Question for PTGui users:
I’m attempting to stitch the interior of Hotel Blue in Sydney. The two opposing (east/west) shots of the interior have so much identical symmetry (like a mirror image!) the software thinks the opposing sides are the same image and assigns control points within the two sides as if they were the same shot and destroys the alignment of all of the previous images. Is there some way to lock down the control points for 4 or 5 of the images before adding the other shots that the software thinks are already in the pano and then manually add their control points?
I’ve tried everything I can think of: align 2, then 3, then 4… images, adding one at a time, but once I add the opposite side (east or west) it all goes crazy!
Ideas from the collective brain?
Felipe B. González: Adding points by hand should work. Don´t trust PtGui with complex repeating pattern carpets too.
Simon Nobes: With 2 adjacent images showing side by side in the control point editor, press Ctrl+Shift+G (in Windows, not sure of the equivalent in OSX) and PTGui will seek out and add CPs for just those two images. Rinse and repeat all the way round . . .
Thomas Bredenfeld: had this symmetry troubles in some projects. e.g. north and south were not really indentical, but enough to let ptgui go nuts. east and west were different. stitch was successful after skipping south first, generating CPs for the 1st 3 images (E,N,W) and then inserting the missing 4th image (S). pano can be seen here:
what also helps: do not generate CPs globally for the whole project, but progressing in pairs (1&2, 2&3, 3&4, 4&1) with »[menu] => controlpoints => generate controlpoints for selected images. no manual CP placement needed.
Cedric FrozenjaZz Simon: I often do what Simon Nobes recommends (Ctrl+Shif+G), but I also recently discovered that you can select an area with shift + click, you draw a rectangle in which you want control point to be placed, and PTGui tries to find matching points. Extremely useful for me who now only shoot hand held.

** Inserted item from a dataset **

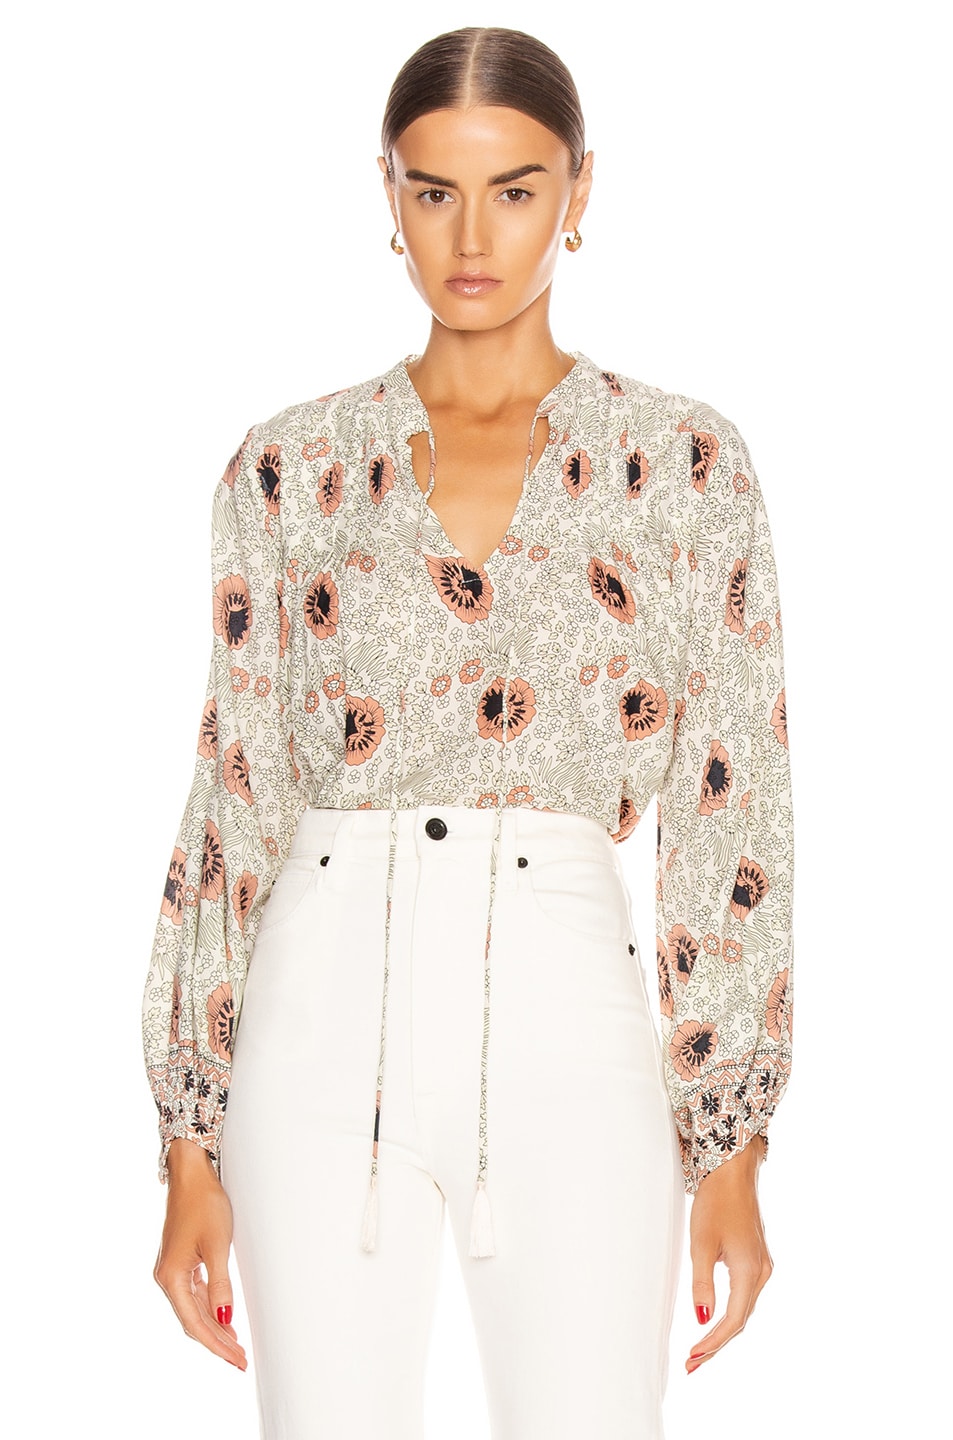 Natalie Martin Lizzy Shirt in Vintage Flowers Apricot | FWRD
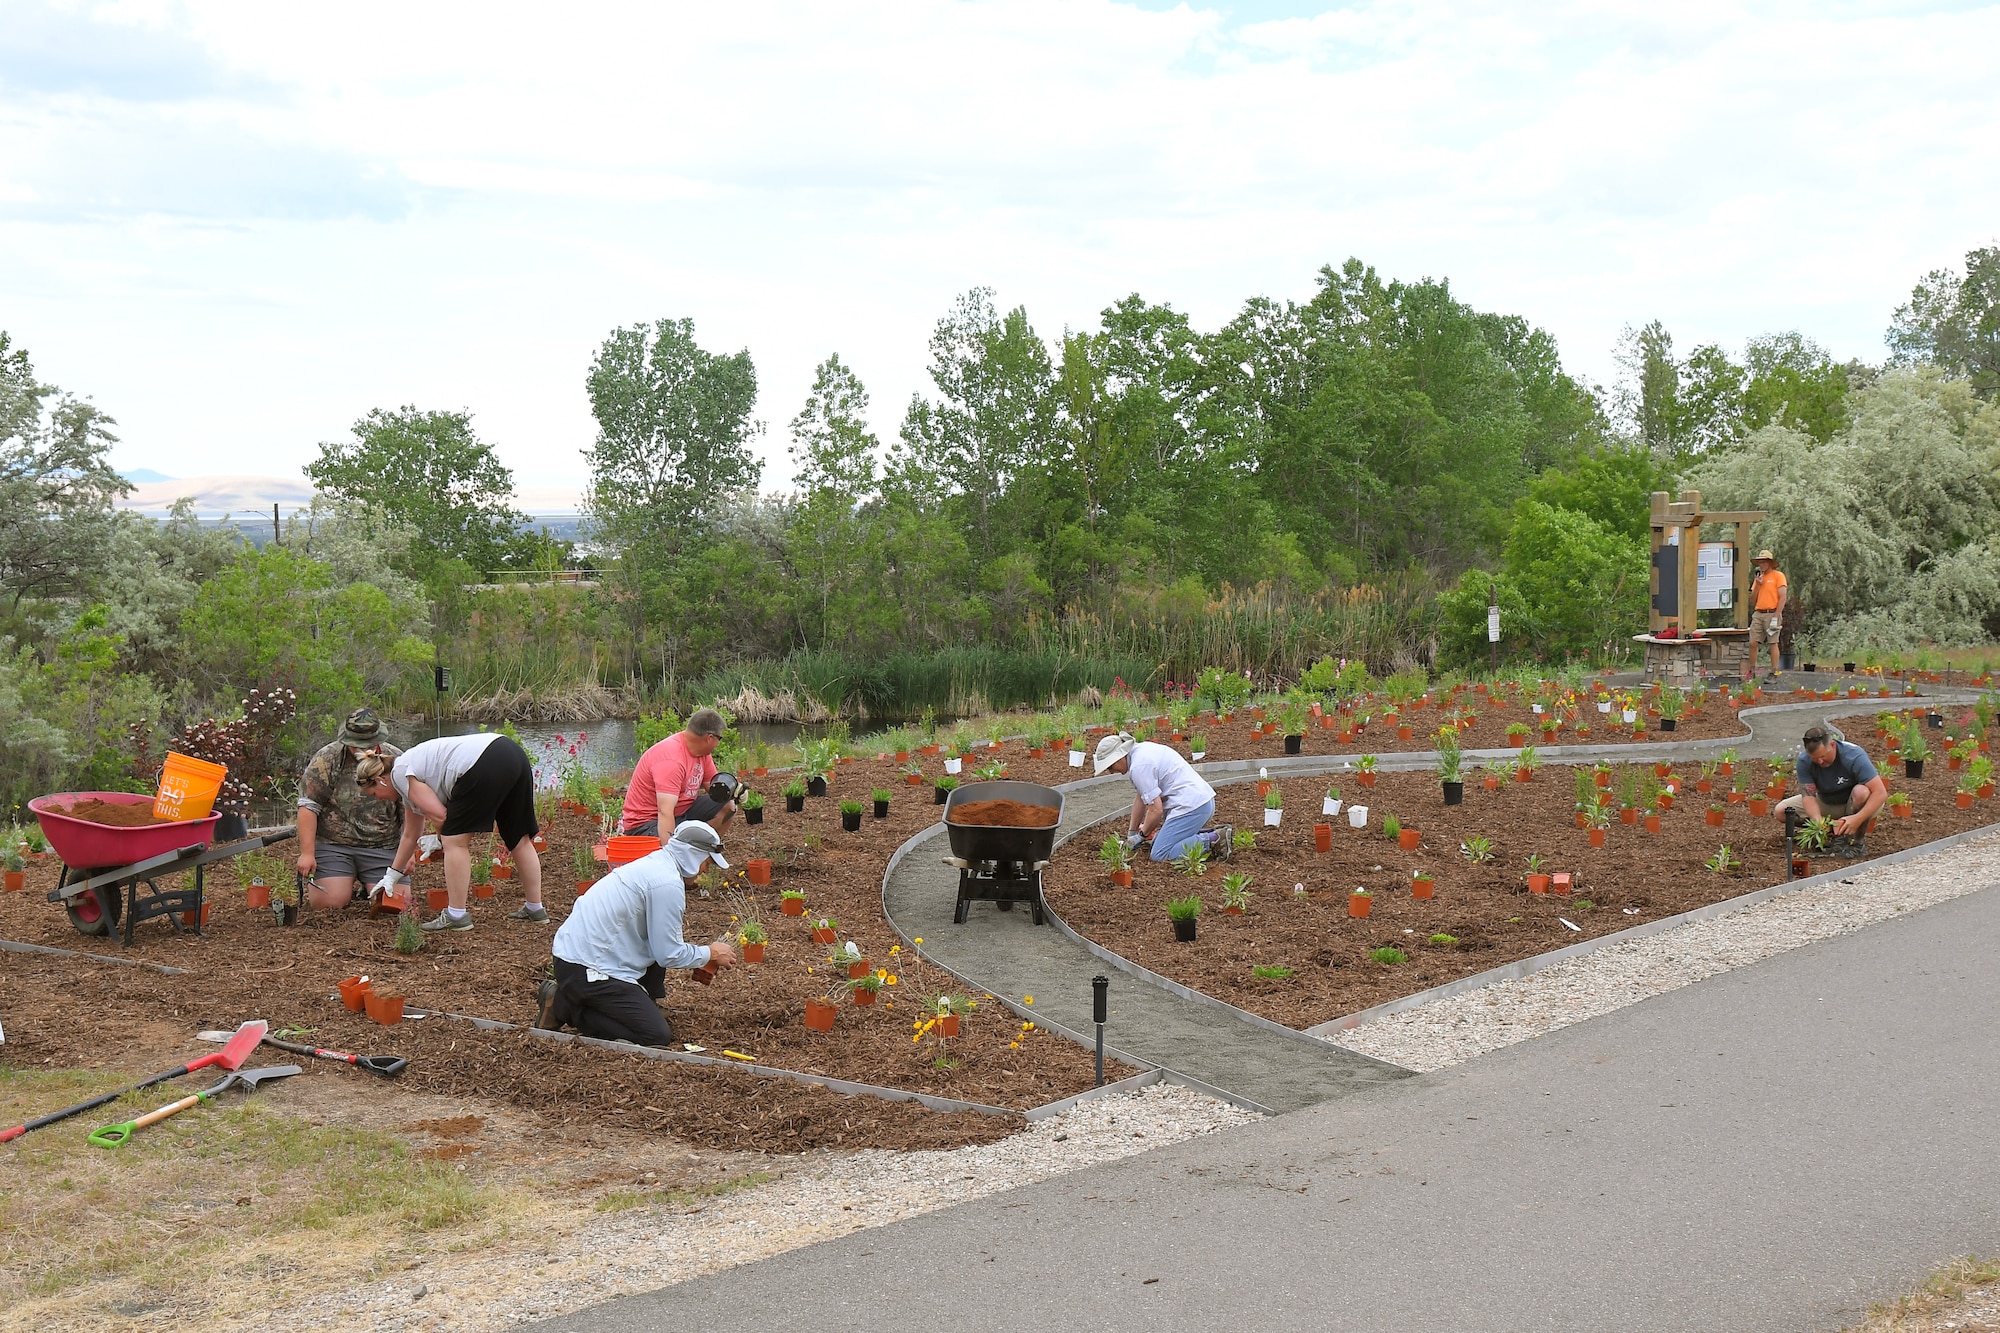 Natural Resource staff and volunteers work together planting a new pollinator garden plot, June 6, 2019, at Hill Air Force Base, Utah. The garden will provide food and habitat for pollinator species such as hummingbirds, bees, and other insects, which are critical to maintaining diverse and healthy ecosystems. (U.S. Air Force photo by Todd Cromar)

Simon Nobes: Yes Cedric FrozenjaZz Simon, that’s a trick I often use too but I’m thinking that PTGui needs the images to be fairly accurately aligned before it will work. I don’t know if you can expect much if you start with the Shift+click rectangle . . .
Pietro Madaschi: Be side using the control points etc, if you have the Pro version, you might find useful to modify the images parameters in Advanced Mode
In order to set up manually the proper direction of every image
Main Window: Image Parameters tab
This page contains a table where the parameters of each image can be edited numerically. It is visible only in Advanced mode.